一昨年の秋以降の連勝劇になんで社長が、と嫉妬もした。

昨年の圧倒的な走りは嫉妬すらも忘れさせた。

 

気が付けば皆テンペストクェークの虜にされていた。

 

 

「さて、最初はチャンピオンズマイルか。ダイワメジャーがどこまで走れるかな」

 

 

その後、めったに来られないであろう沙田競馬場を散策したり、地元の競馬を観戦して楽しんでいた。一部の社員は所持金の大半を溶かし尽くして顔が死んでいた。

そして午後、第7競走チャンピオンズマイルが始まる。

 

 

「さて、ダイワメジャーは2番人気か。日本での実績もあるし、ドバイDF3着も評価されたのかな。1番人気はグッドババか。今年に入って3連勝中の馬だな」

 

 

ダイワメジャーはGⅠを3勝しており実績はあるが、意外と取りこぼしも多いことやドバイからの海外連戦も考慮されて2番人気となっていた。
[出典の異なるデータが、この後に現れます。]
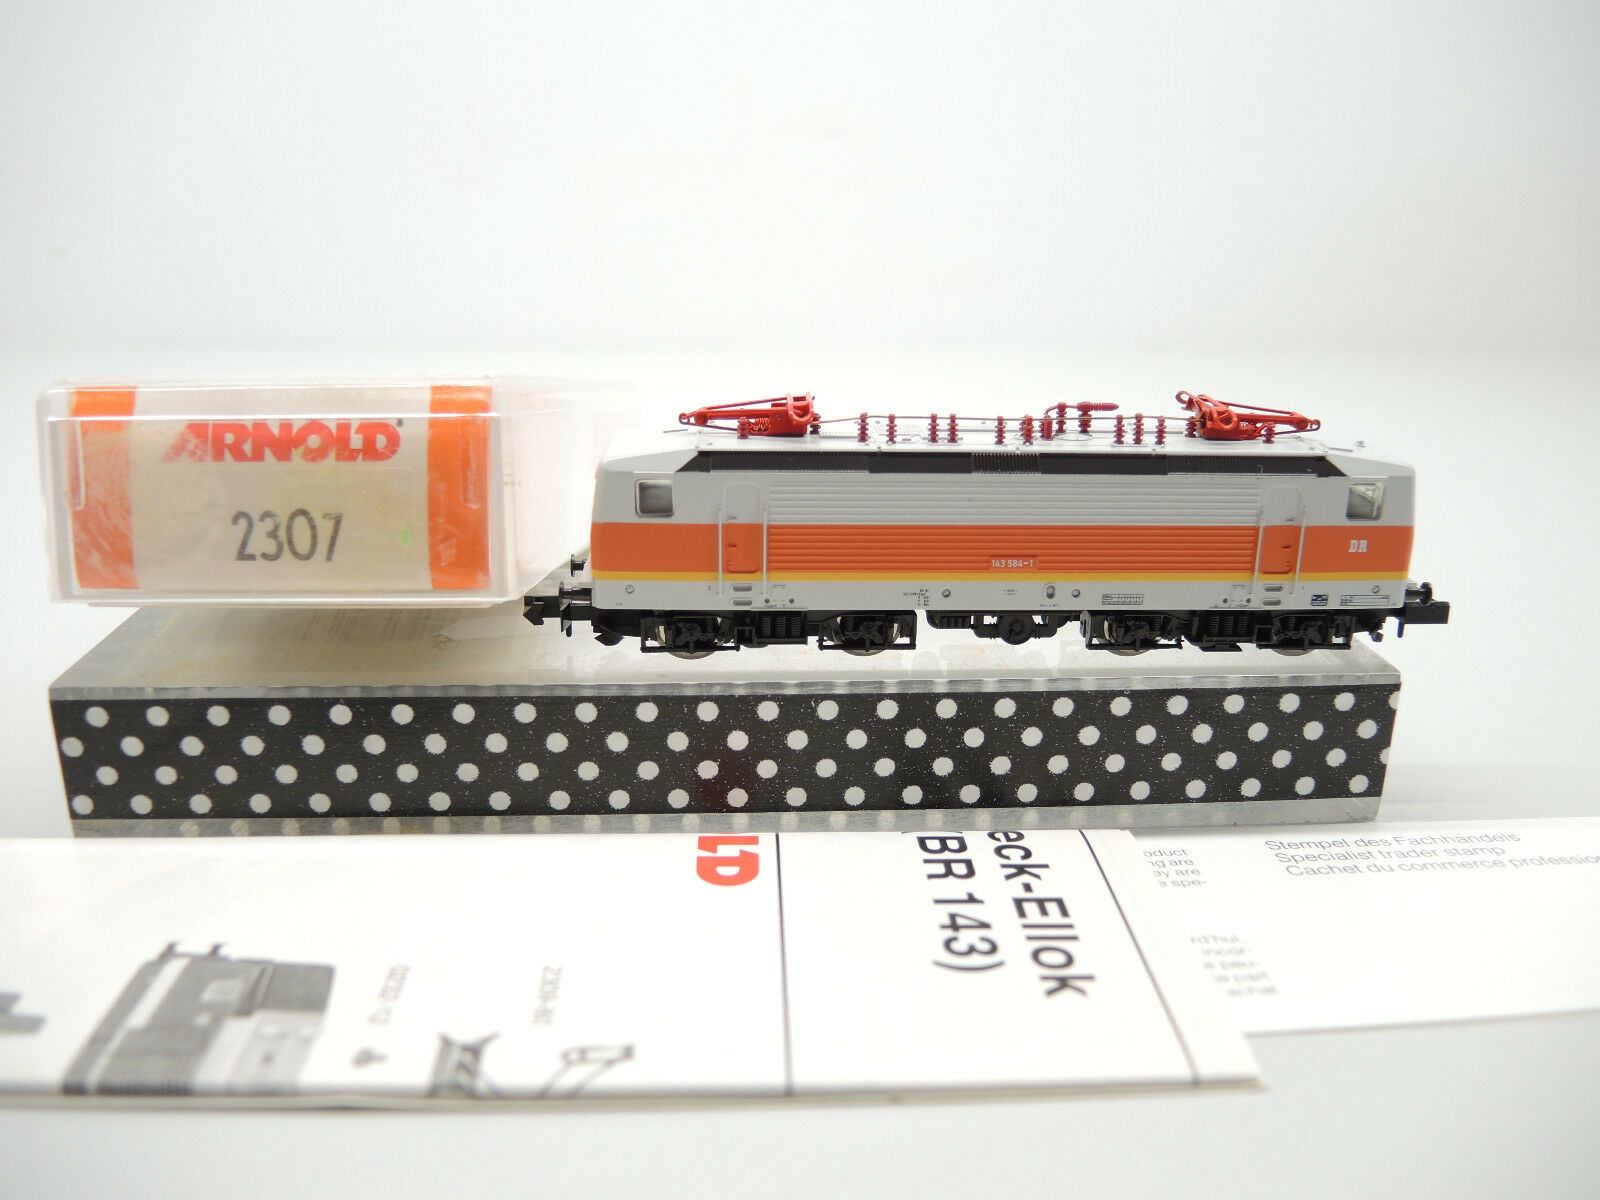 Arnold 2307 E-Lok BR 143 584-1 der DR, sehr gut, Anleitung, OVP

現地を訪れている日本人は、ダイワメジャーに賭けている人も多かった。

 

パドック周回でも特に問題はなく、そのまま出走時間となり、ゲート入りが始まる。

パドック周回のダイワメジャーは調子がよさそうに見えていた。

 

 

ゲートが開き、10頭の馬が飛び出す。

ダイワメジャーは先行策をとるようで、3,4番手の位置にいる。1番人気のグッドババは先行集団で走り、エイブルワンが先頭一番手で逃げている。

向こう正面を走り続け、大きな順位の変動がないままそのままの位置で第3コーナーに入る。

 

 

「頼むぞ!行け!」

 

 

第4コーナーが終わり、七番人気のエイブルワンが変わらず先頭で逃げており、そこから2馬身程度後ろに3番の馬がいる。そしてその後ろにダイワメジャーは控えていた。

ゴールが近くなったことで、観客の歓声も徐々に大きいものになる。

 

残り400メートルを切り、直線に入ると、ダイワメジャーが一気に伸びてきて、先頭で粘り続けるエイブルワンを捉えにかかる。